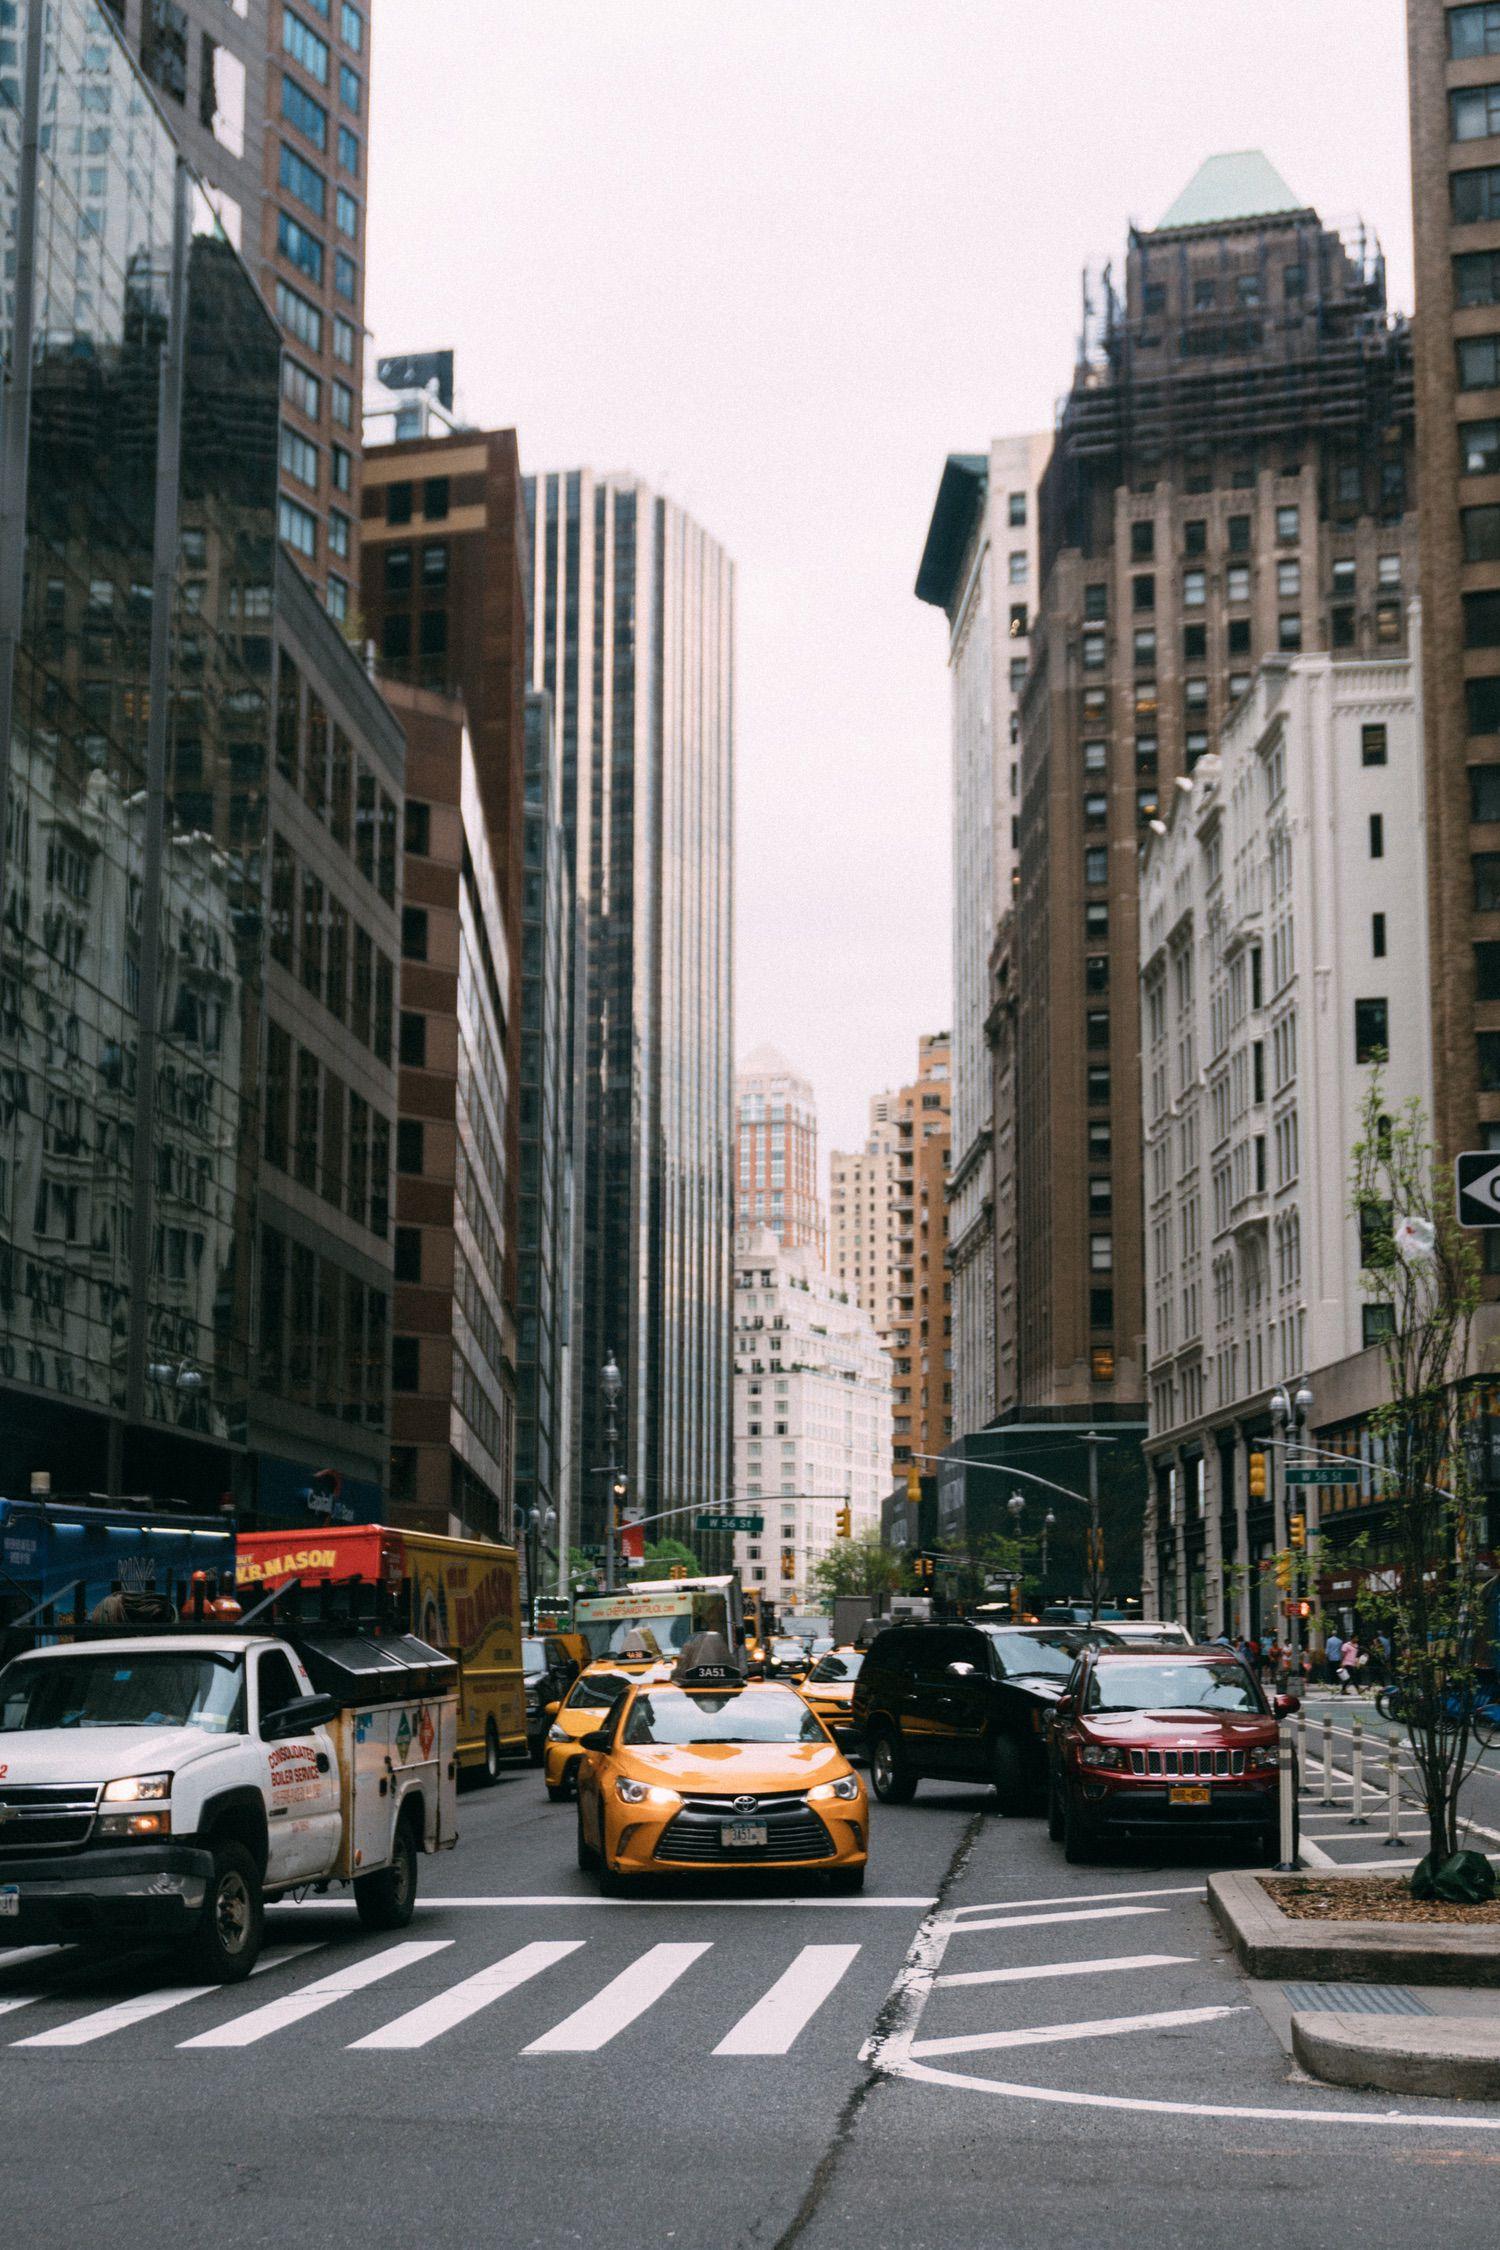 Manhattan bustle - New York City.
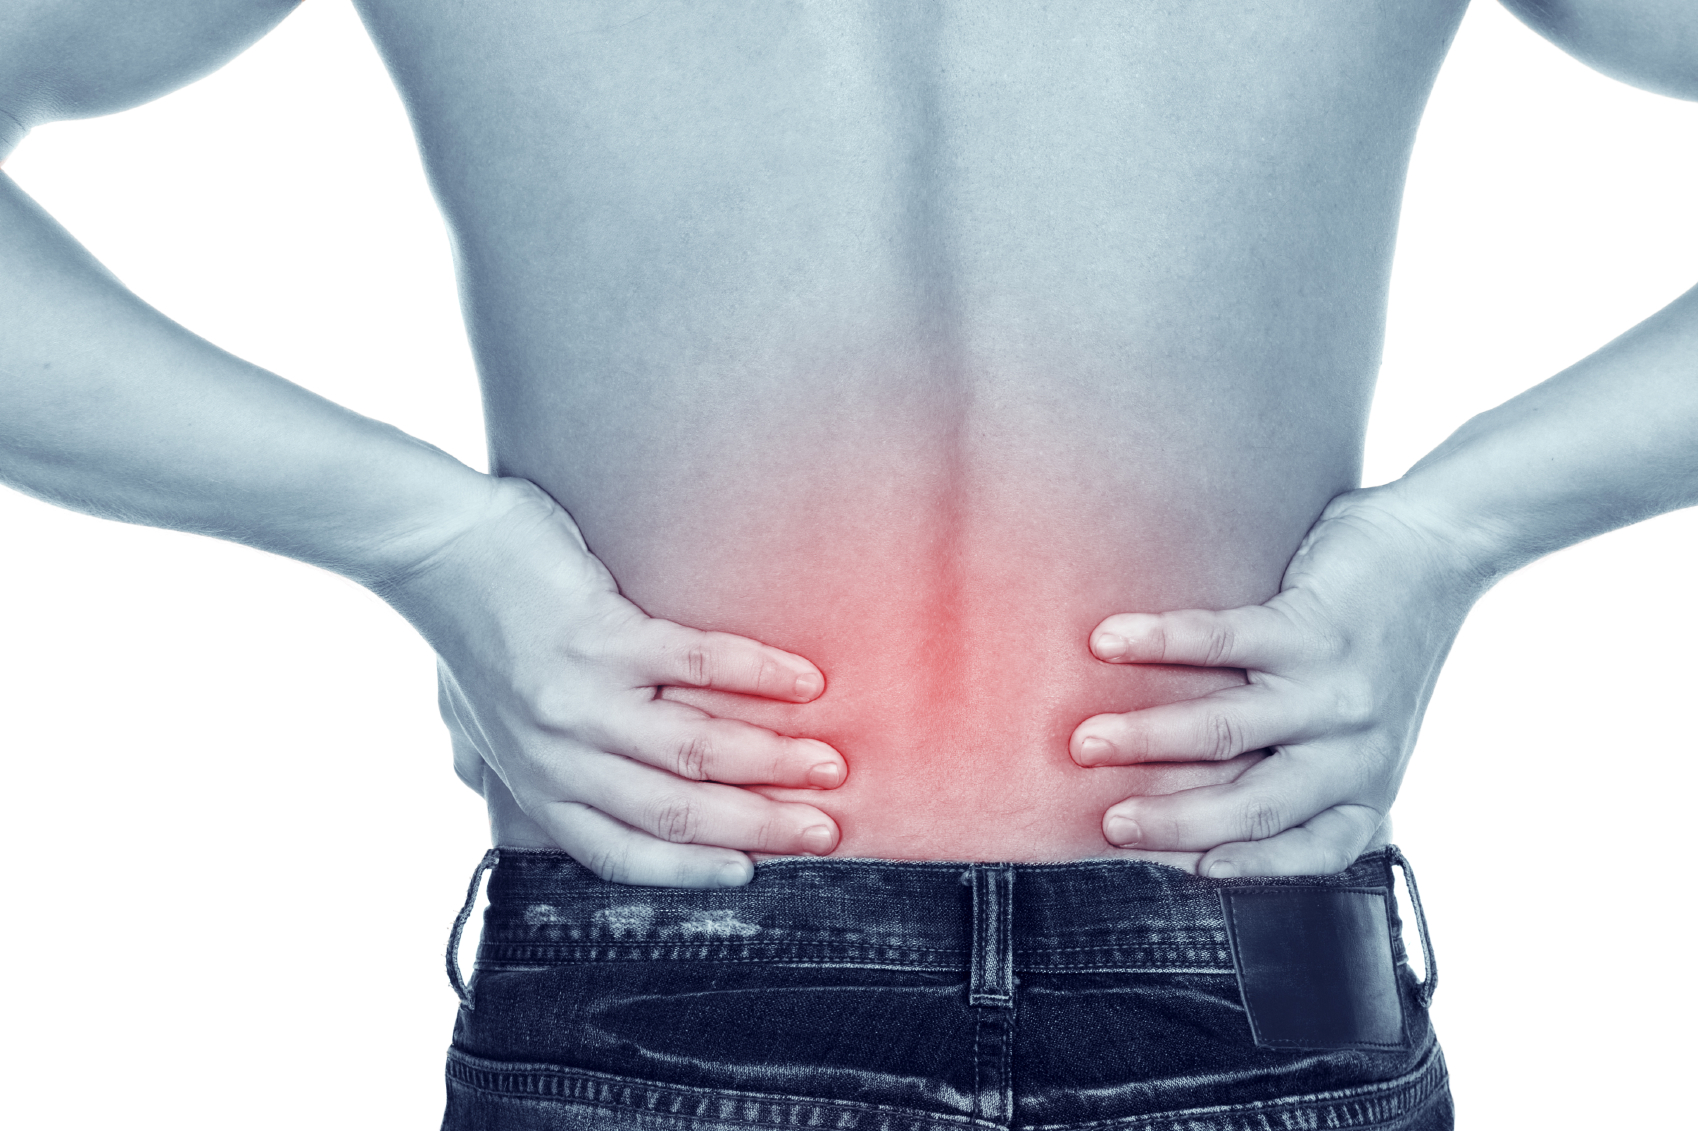 st-louis-lower-back-pain.jpg
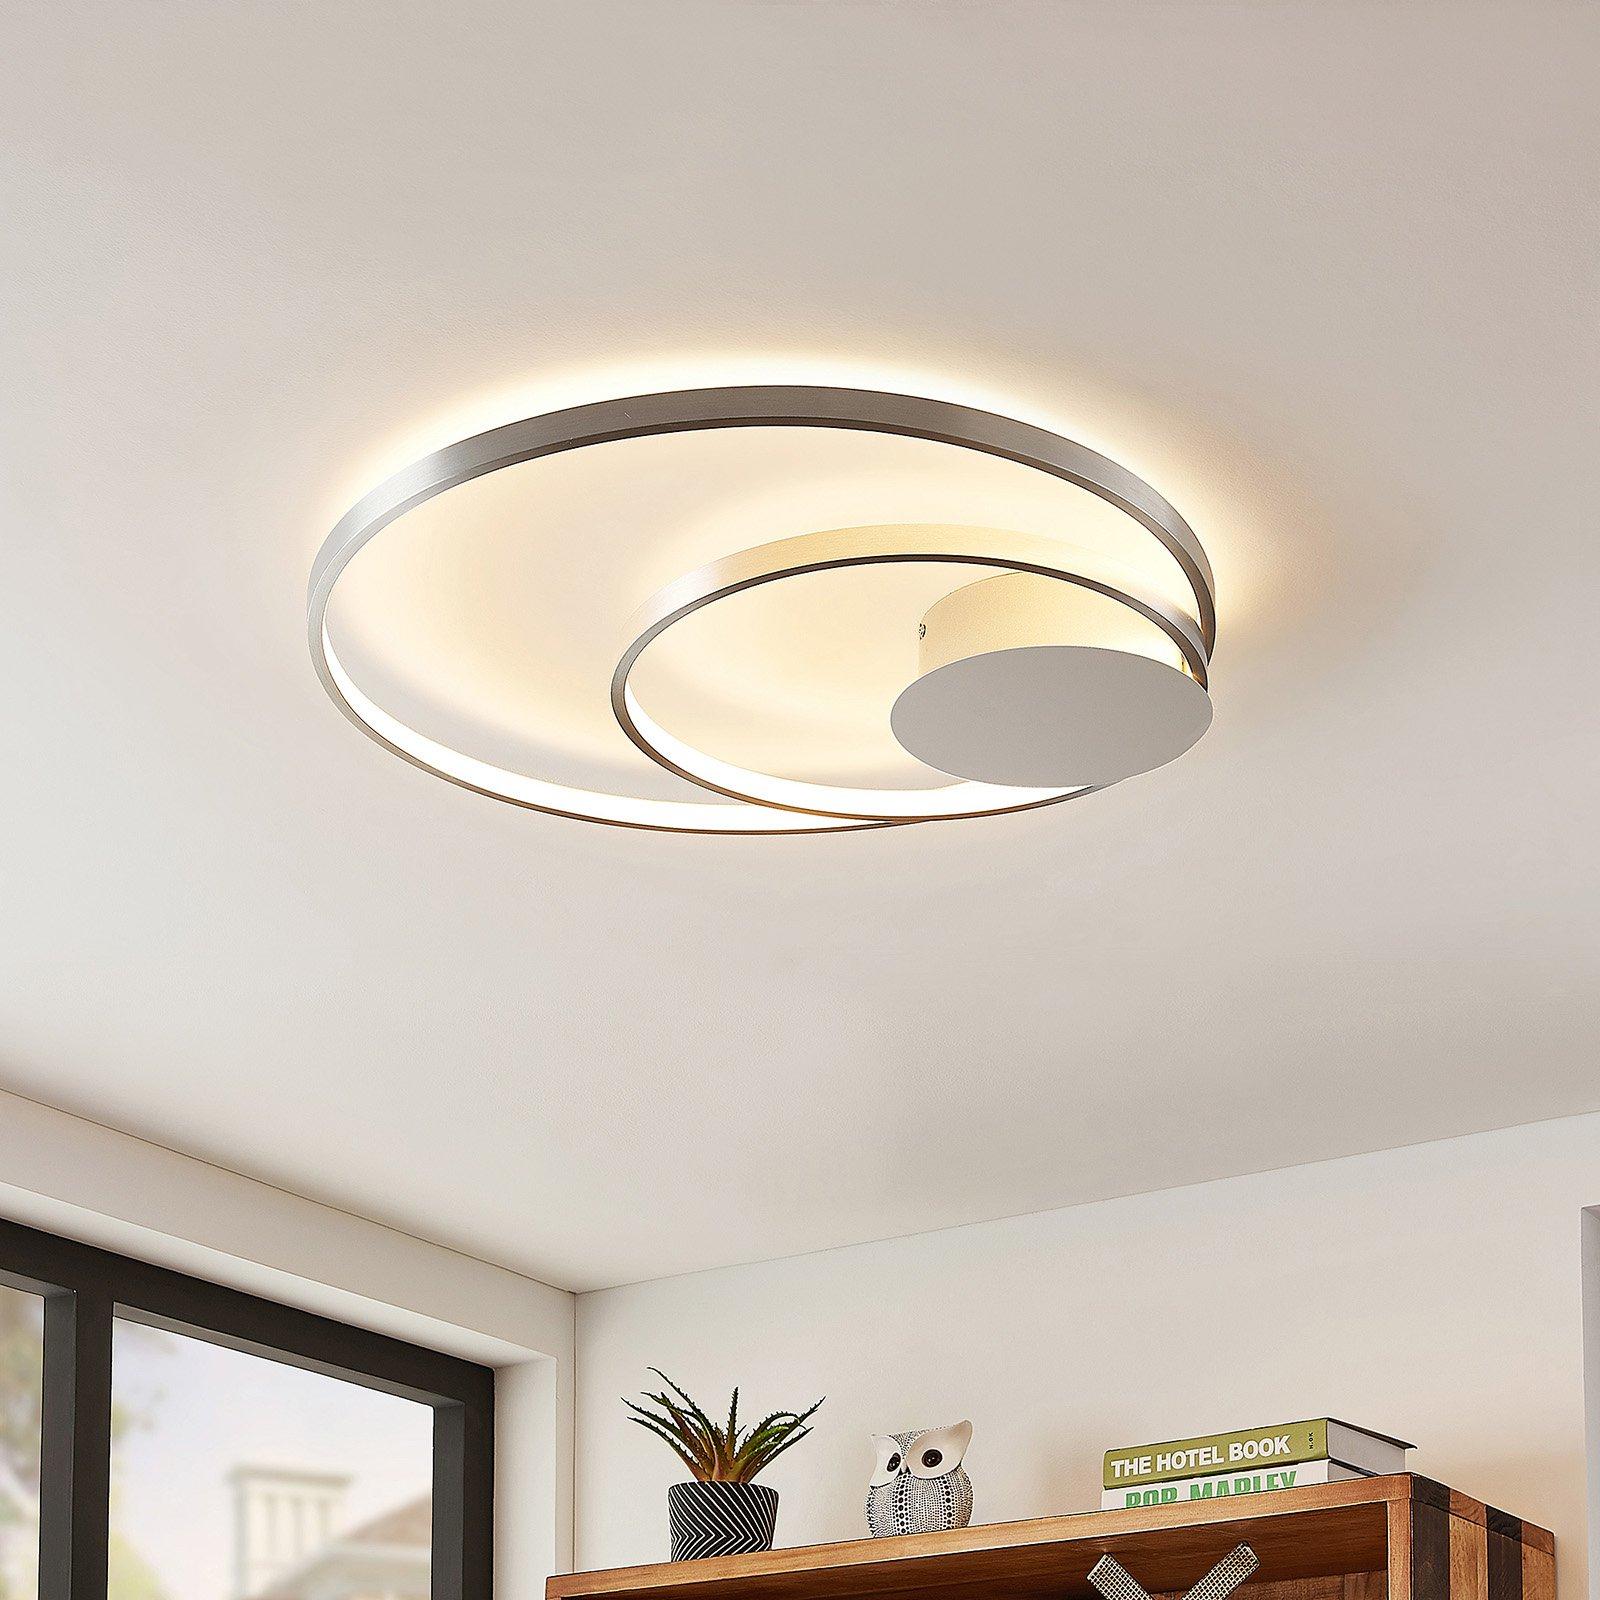 Lindby Nerwin LED-taklampe, rund, alu/krom

Problem requirements:
Reproduce the material exactly. Pictures stay out.

Solution to this problem:
 Manhattan bustle - New York City.
 st-louis-lower-back-pain.jpg
 Lindby Nerwin LED-taklampe, rund, alu/krom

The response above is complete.